Karzai has a somewhat ambiguous relationship with the Afghan security forces. He is not sure he can fully trust them or to what extent they truly report to him. The June 2006 riots in Kabul were quite traumatic. For hours Karzai was unable to reach the officials who were responsible for security and for a whole day he heard rumors of rampaging crowds, while he was not sure how bad it was or whether they were coming for him. So he is not sure they are able or committed to protect him when push comes to shove. There is lingering fear of a coup, the fear that the army, the police or the NDS [Afghanistan’s intelligence service, the National Directorate of Security] may one day turn against him. This is of course fed by Afghanistan’s troubled history, but also by his suspicion that the internationals at some point may want to get rid of him.

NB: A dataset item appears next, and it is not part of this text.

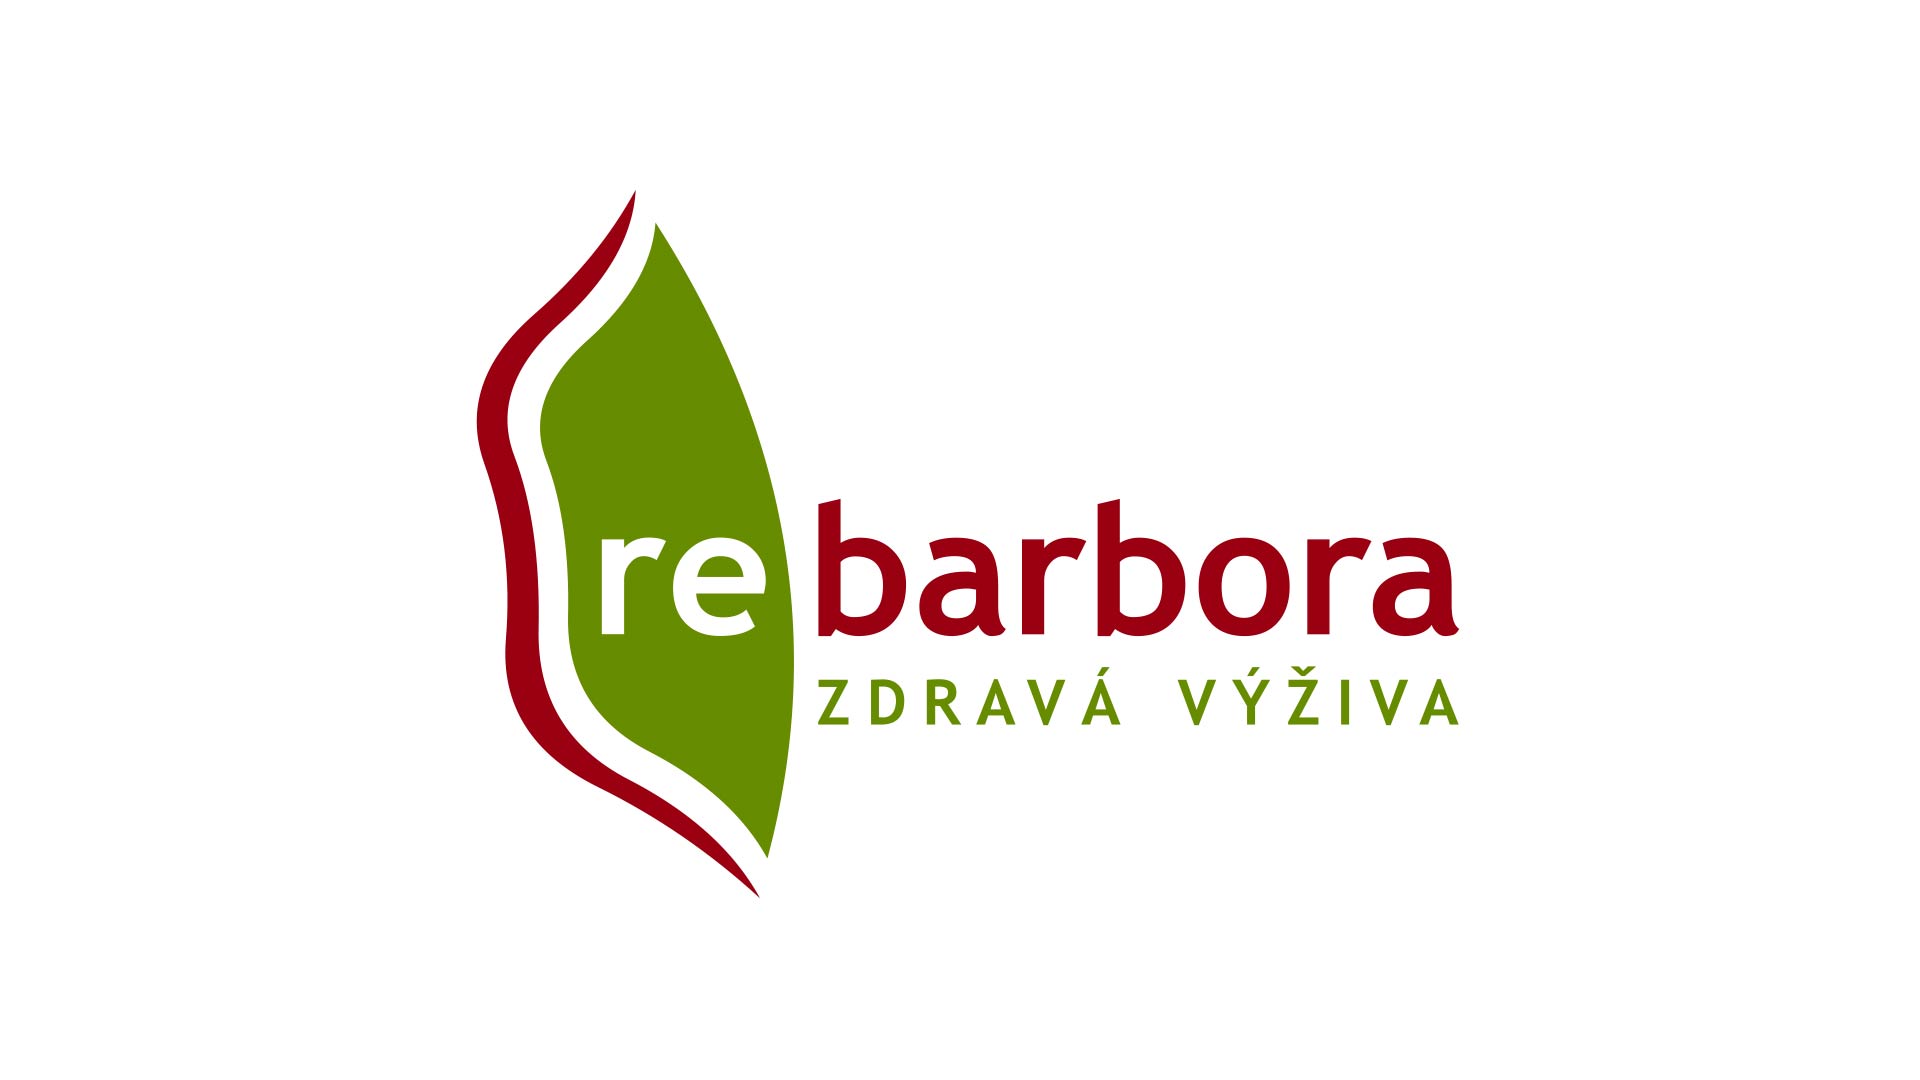 Tvorba loga - logo Zdravá výživa Rebarbora

And finally his role as commander in chief is overshadowed by the dominance of U.S. and NATO military forces. Even though they try to portray the image of an Afghan lead and the practice of consultation, practically he has relatively little to say about the country’s military strategies and operations.

3. What is Karzai’s relationship like with the country’s parliament? What preparations are underway for this fall’s scheduled parliamentary elections, and how does the commotion that surrounded last summer’s presidential election affect the run-up to September?

Karzai’s relationship with the current Parliament is quite a troubled one. He is fed up with having a body that second guesses him and that votes off his candidate ministers, often for random reasons, and he is quite keen to have a more cooperative Parliament next time. So there be will interference by government officials — well, there will basically be interference by everybody. Most candidates are not only preparing for their campaigns and for the fact that they will need money for material, transport and food and gifts, they are also preparing for fraud — whether their own or by their rivals. It has become a part of the competition. But the fraud will probably not be as blatant and exaggerated as last year. The numbers needed to win are a lot less, given that these are local elections, and people have learned. The Independent Election Commission will probably also be more professional, which does not mean that there will be no in-house manipulation, but it will probably be more difficult to track. 

For now, the next confrontation with between Karzai and the parliament will take place around the vote on the seven newly introduced candidate-ministers. A vote like this is good opportunity for MPs to both flex their muscles and to reopen negotiations with the government. It will be interesting to see how many MPs will be convinced to vote in the ministers, particularly as they voted several of them off before.

Editor’s note: this interview was conducted before the Wolesi Jirga approved five of Karzai’s seven nominations this morning. Seven of the 25 cabinet posts remain open.

Martine van Bijlert is the co-director of the Afghanistan Analysts Network.